▸ **Exercise instructions**:
Leave out the pictures, and retype the remaining data exactly.

▸ **Data section**:
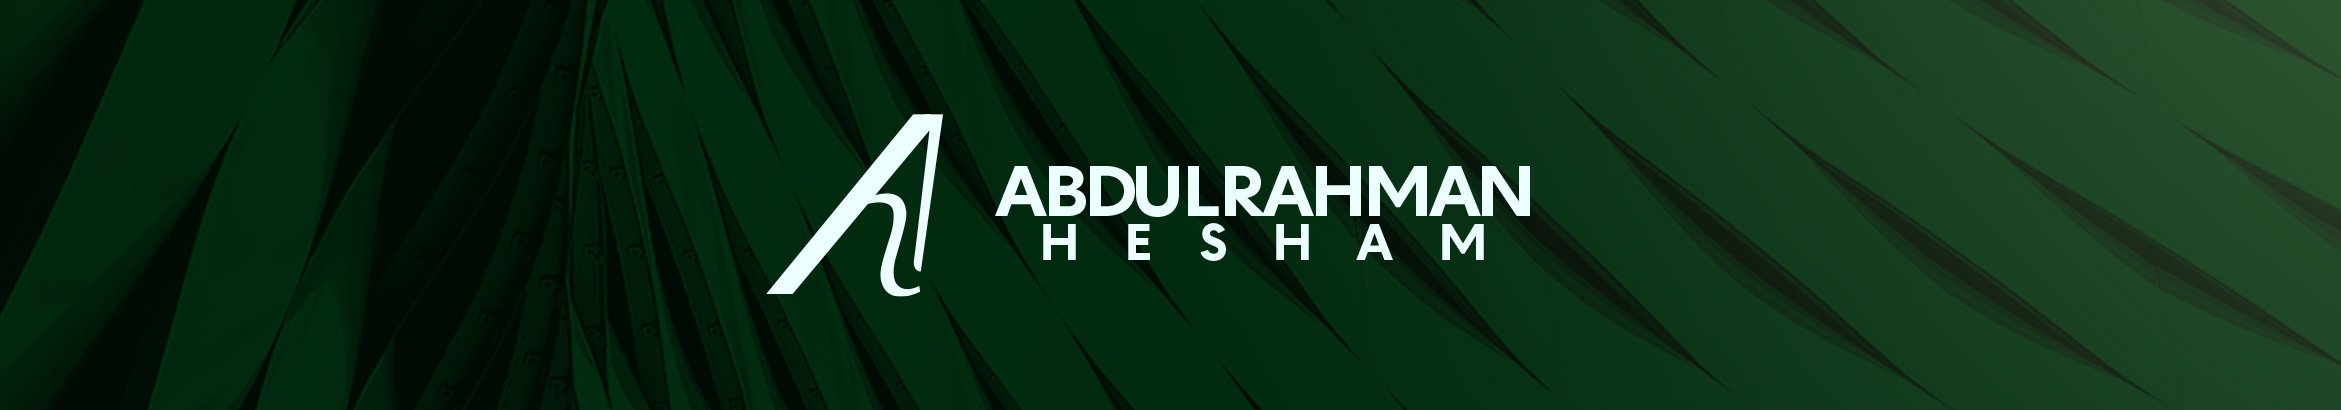 Abdulrahman Hesham's profile banner
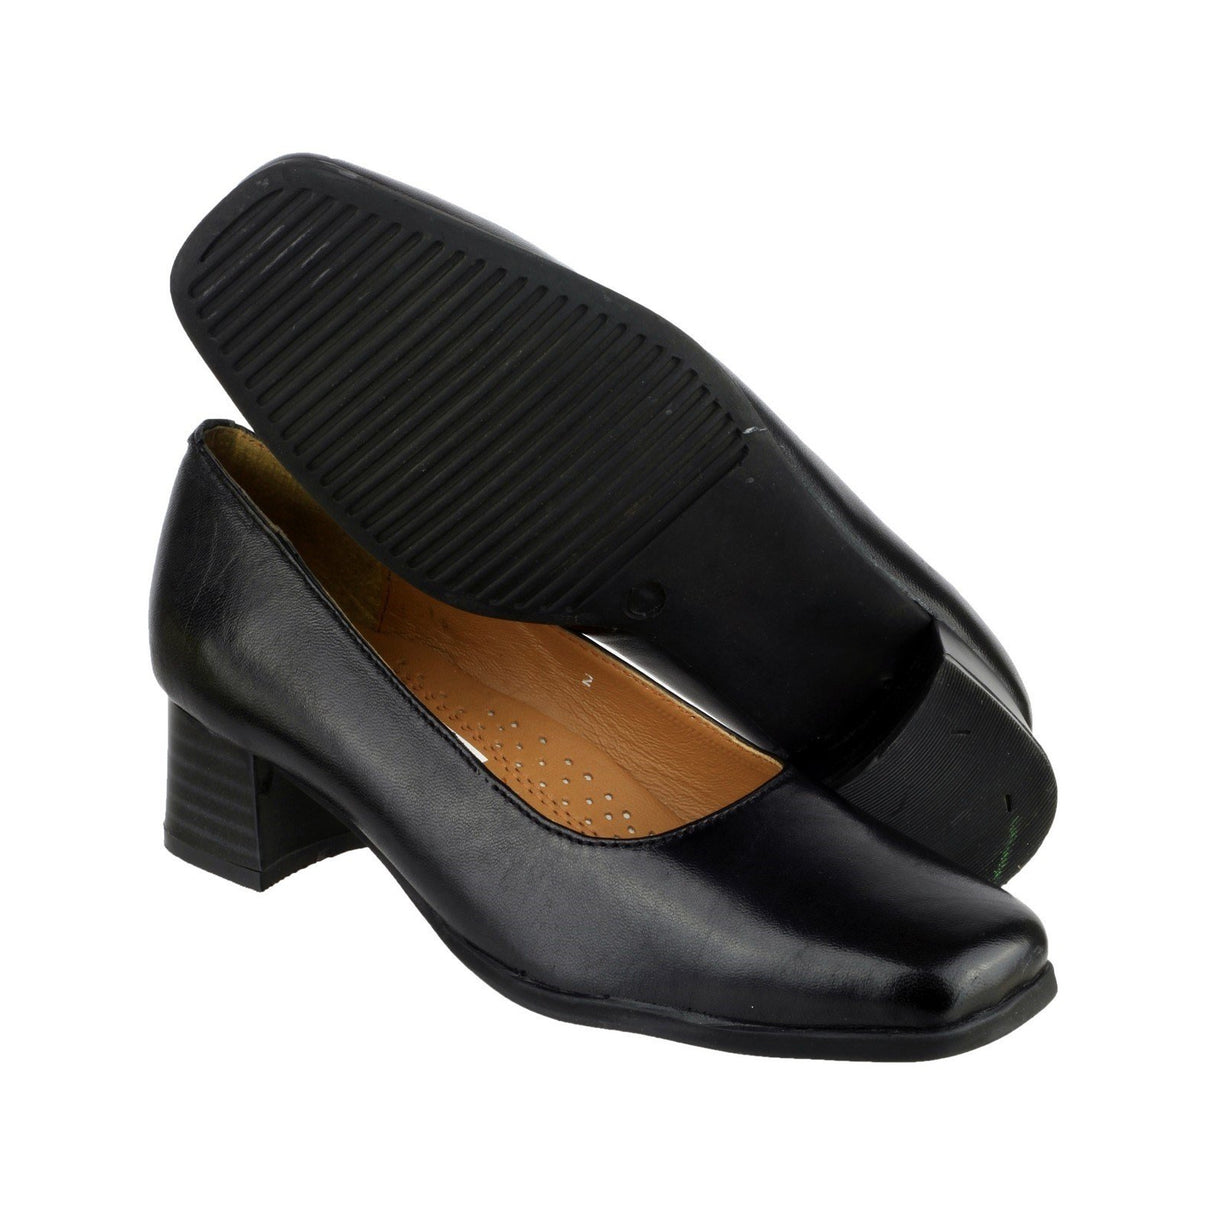 Amblers Walford Ladies Slip-on Court Shoes
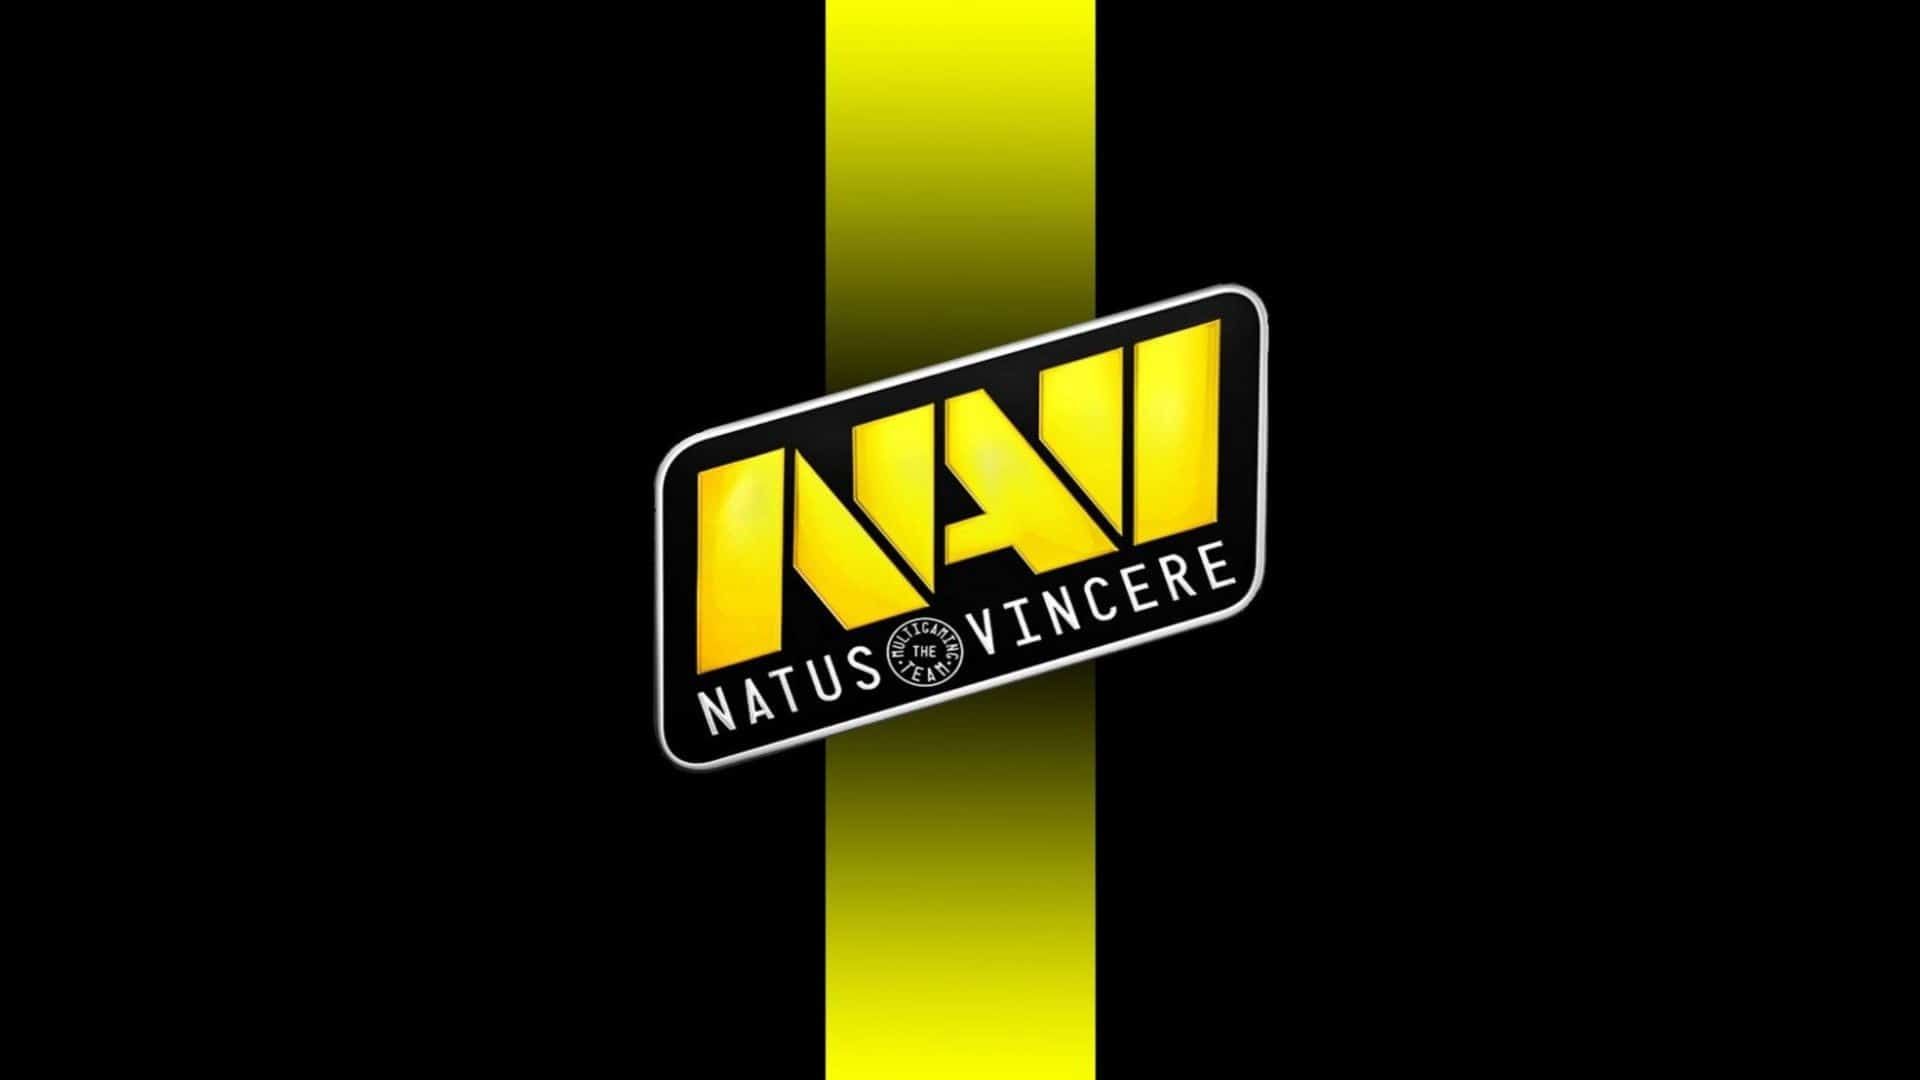 Natus Vincere выпустила специальные токены для фанатов

▸ **Written response**:
 Abdulrahman Hesham's profile banner
 Amblers Walford Ladies Slip-on Court Shoes
 Natus Vincere выпустила специальные токены для фанатов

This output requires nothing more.